Without Fear

Ryan K Lindsay – Writer

Month: August, 2018

CICADA – Sublime Social Discourse, Y’know, For Kids

There is so much contained within this book, and like a cicada, it’s just waiting to burst out from beneath the surface. You need this book in your homes, in your classrooms, and in your hearts.

Shaun Tan is a wild genius, and sometimes he does it with a lot – glorious words, hyper-detailed and strange art – and here he does it with so little. The art is still beautiful, and what words there are sing off the page, but it’s his mastery of control and surreal commentary that make this a modern masterpiece about modern culture as we live in it.

The story is about a cicada that works as an office drone, is unappreciated by the humans in whose world he lives, and it’s all very bleak and subdued.

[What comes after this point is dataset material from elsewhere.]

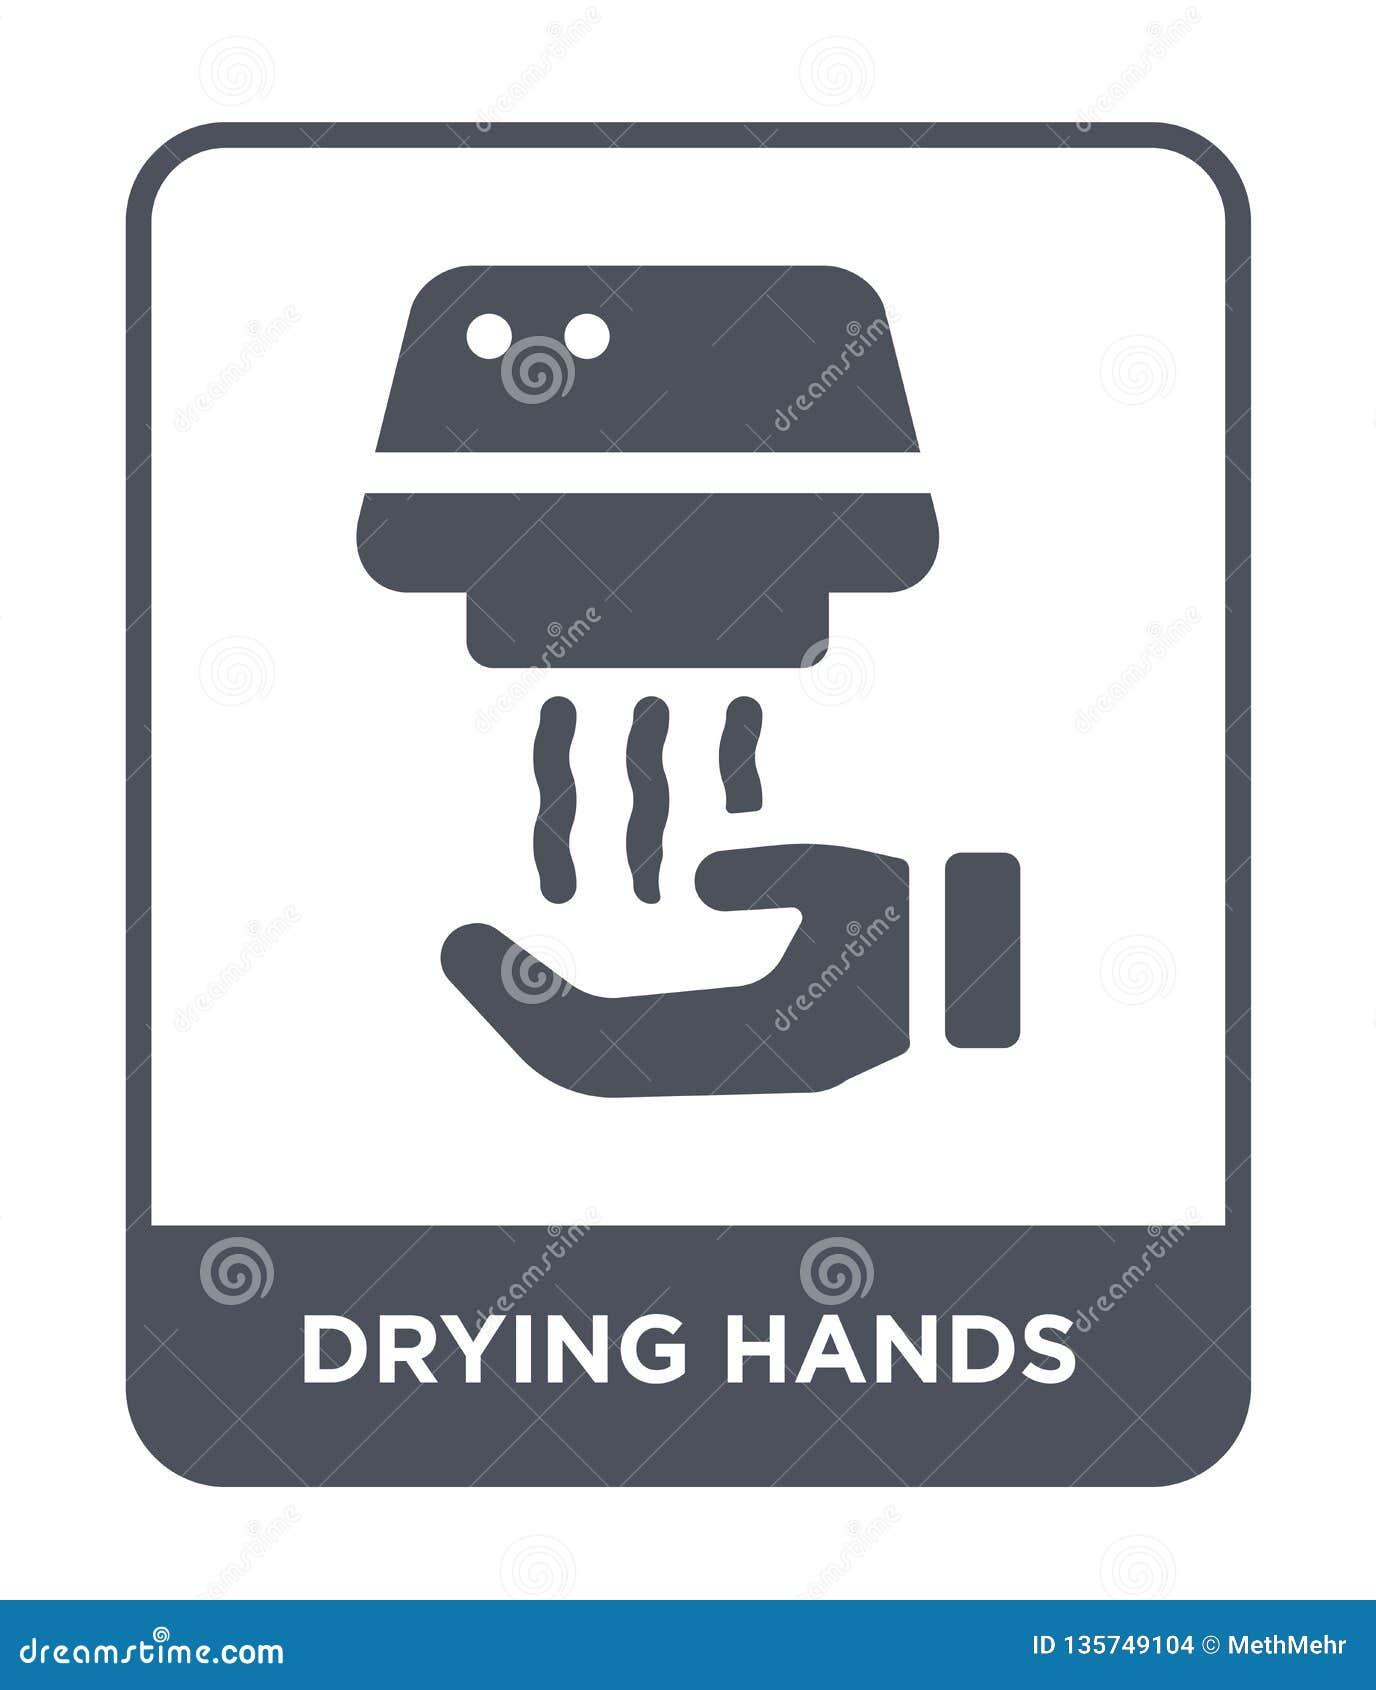 сушить значок рук в ультрамодном стиле дизайна сушащ значок рук изолированный на белой предпосылке сушащ значок вектора рук прост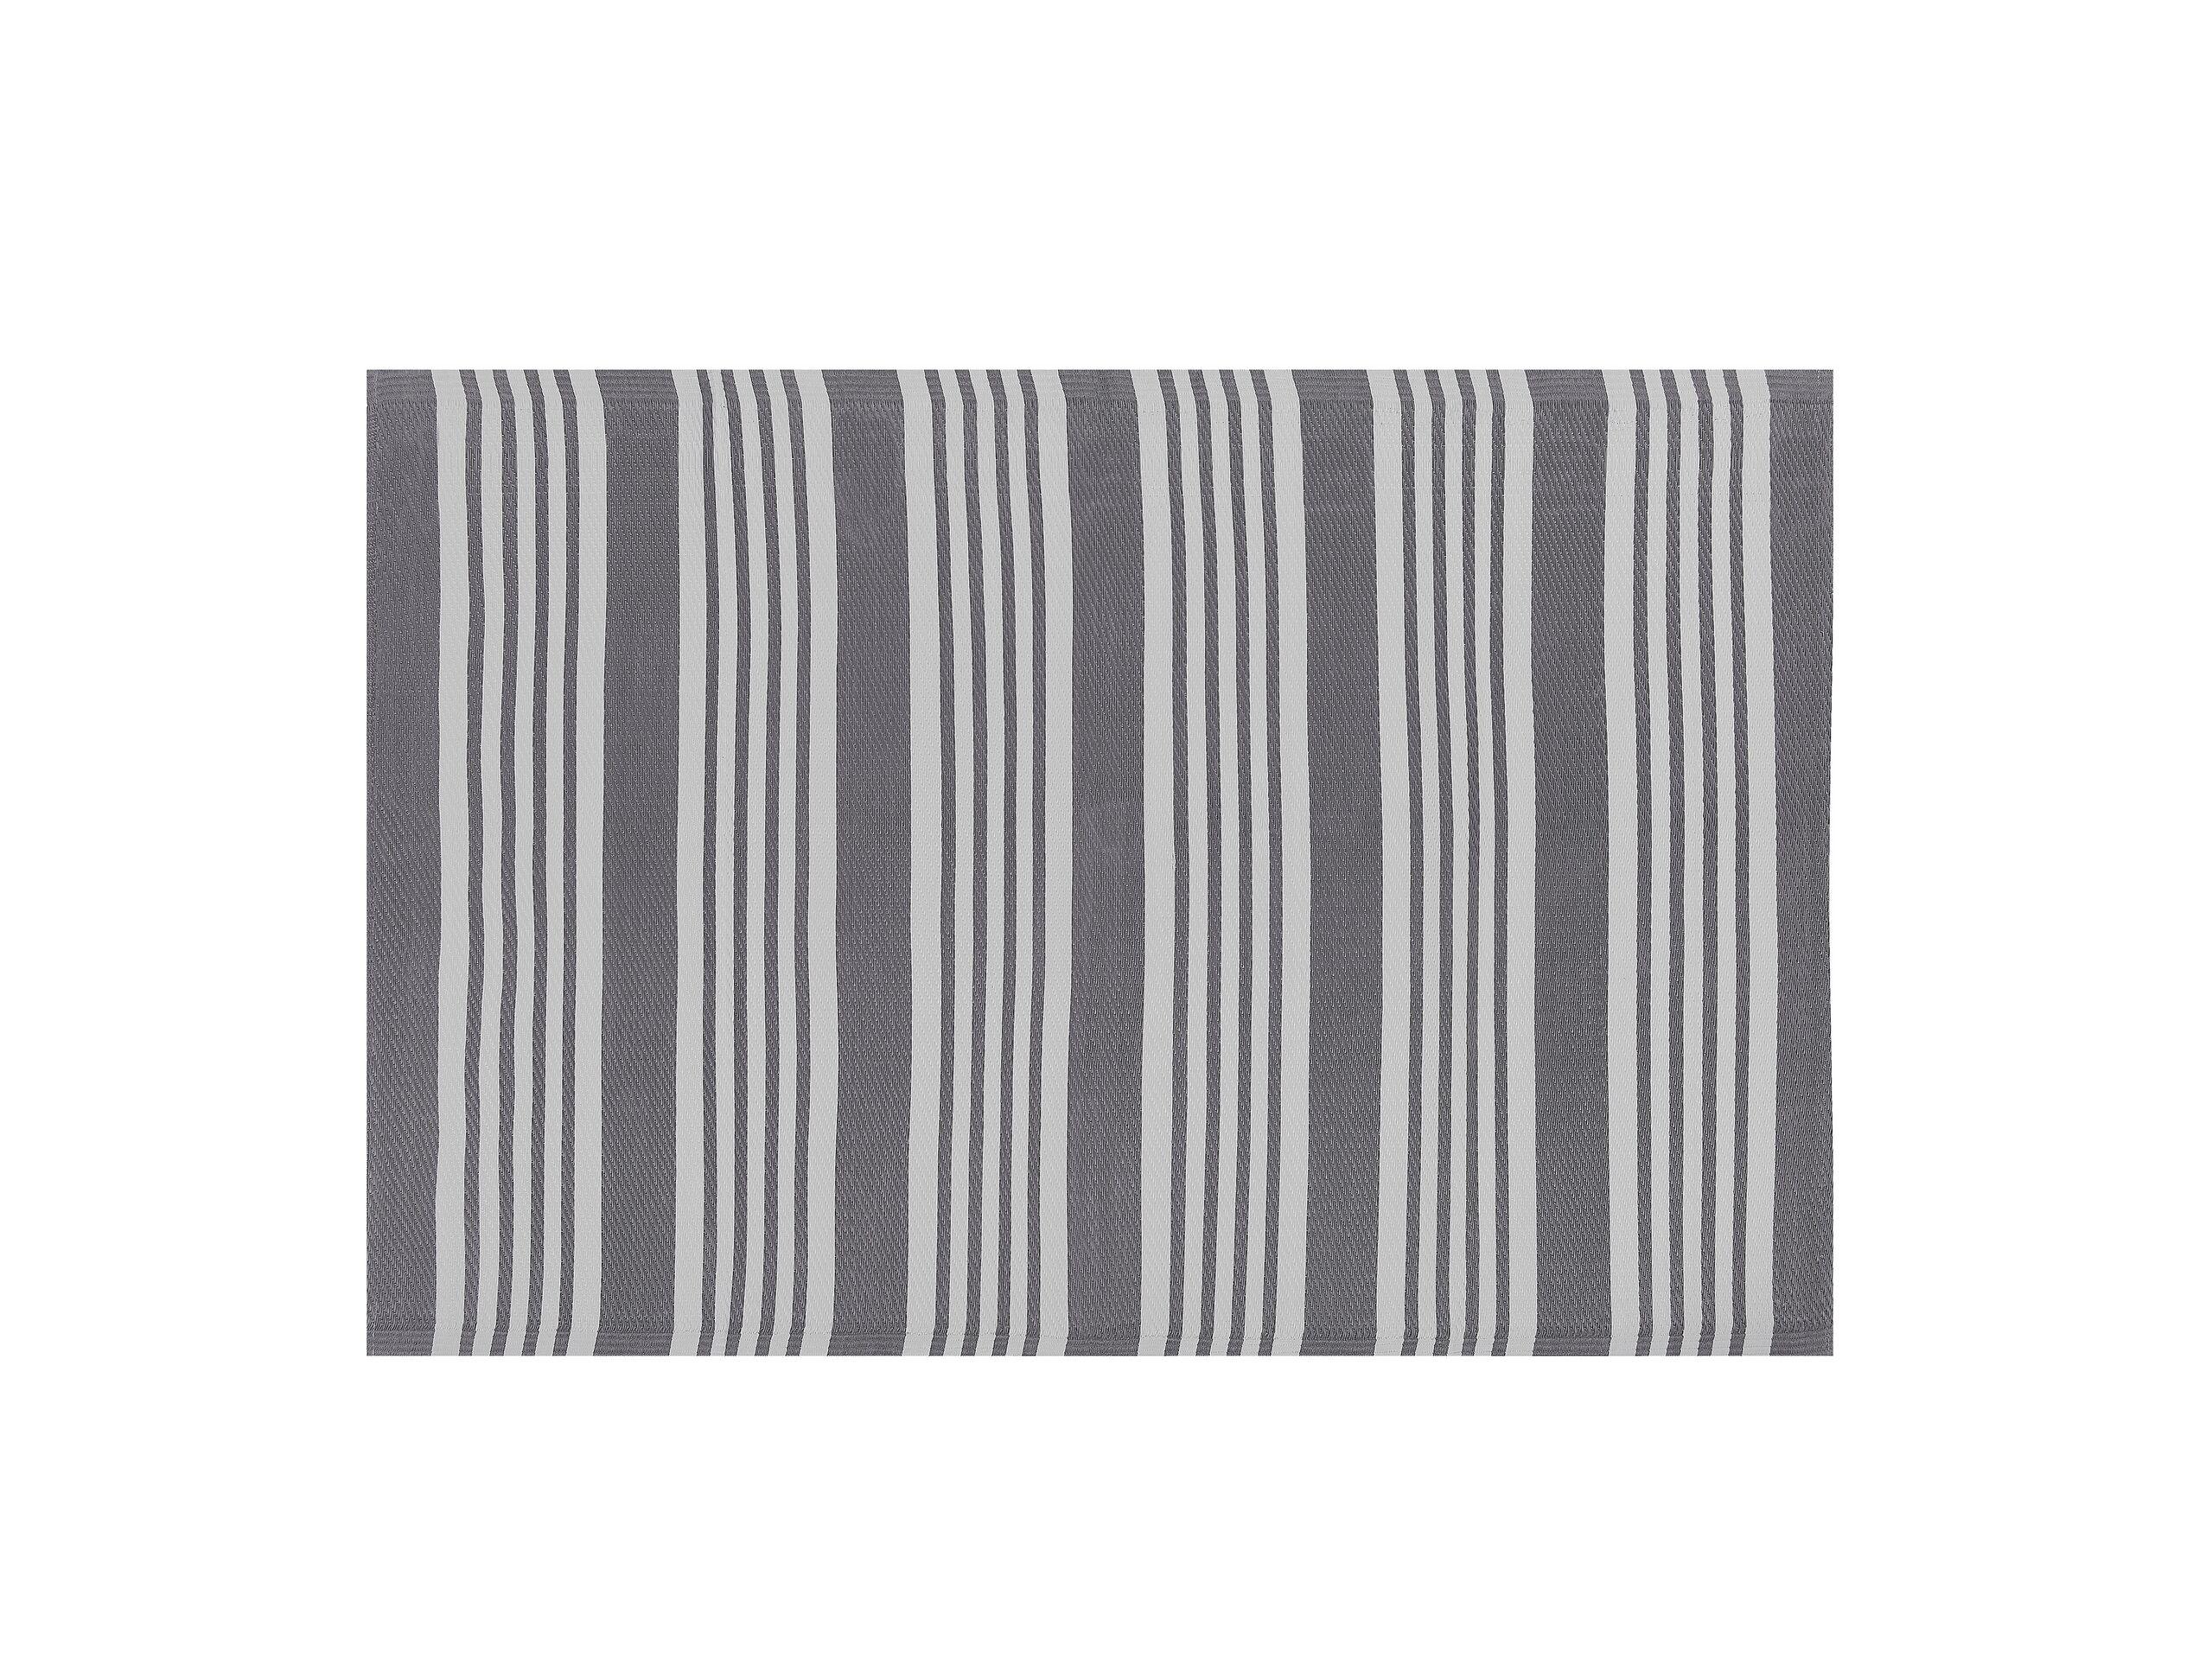 Tapis extérieur à rayures grises 120 x 180 cm

From here, Tan comments on modern capitalist society, and how downright boring it is, and why we should abhor such an existence, and he does it so effectively that I’m hard pressed to think of a better literary burn on what a waste most of what we consider “modern living” is. The final words would be haunting, if not for the fact they made me laugh so much.

This is a book with heady themes present, and every adult will connect on a very real level, but kids should be exposed to this kind of thinking. They should have it unpacked for them.

S P O I L E R S

Cicada is about whether we’re getting busy living, or getting busy dying. It’s about city living versus getting back to nature. It’s about putting the goals of necessity before our happiness. It’s about how we’re getting it all wrong.

The titular cicada is completely downtrodden, ignored, bullied, and cast aside. It’s horrible. But doesn’t this happen to us all when you really think about it? It might not be obvious, or explicit, but most of the time it doesn’t hurt to consider if we’re making any difference, and if that impact has any real staying power. Or do we live, consume, die, and the world turns on?

It sounds horrible, and it really kinda is, so the story offers a solution of sorts.

The cicada, retired, already forgotten, walks to the roof of the building in which it lives as well as works and it splits open. A blade of red light appears, and the true cicada form emerges, naked of the business attire, and it returns back out to nature where it started. More importantly, where it belongs.

The theme of the story is that we should be doing what we are meant to be doing. We should be connecting with nature, we should be living and working within our means, we should be putting happiness ahead of…I don’t know, progress, bland citizenship, money.

It’s better to live as a cicada in the wild, happy, than grind through an endless life in the city and be a millionnaire.

The book leaves us with the cicada’s blistering assessment – it has left the city, to return to its kind, and sometimes they think about the humans, and they laugh.

This stopped me, and I had to laugh, but I was stopped nonetheless. Yes, they laugh, at our ludicrous existence, and Tan hits the nail on the head.

We’ve got it all wrong.

But this book is a step in the right direction, in a way. It’s a book to share, to come together for, to discuss, to open our minds and hearts, and to change our futures.

We should be doing what we’re supposed to be doing, not what we’re told we should be doing, or what we’ve told ourselves to believe we should be doing.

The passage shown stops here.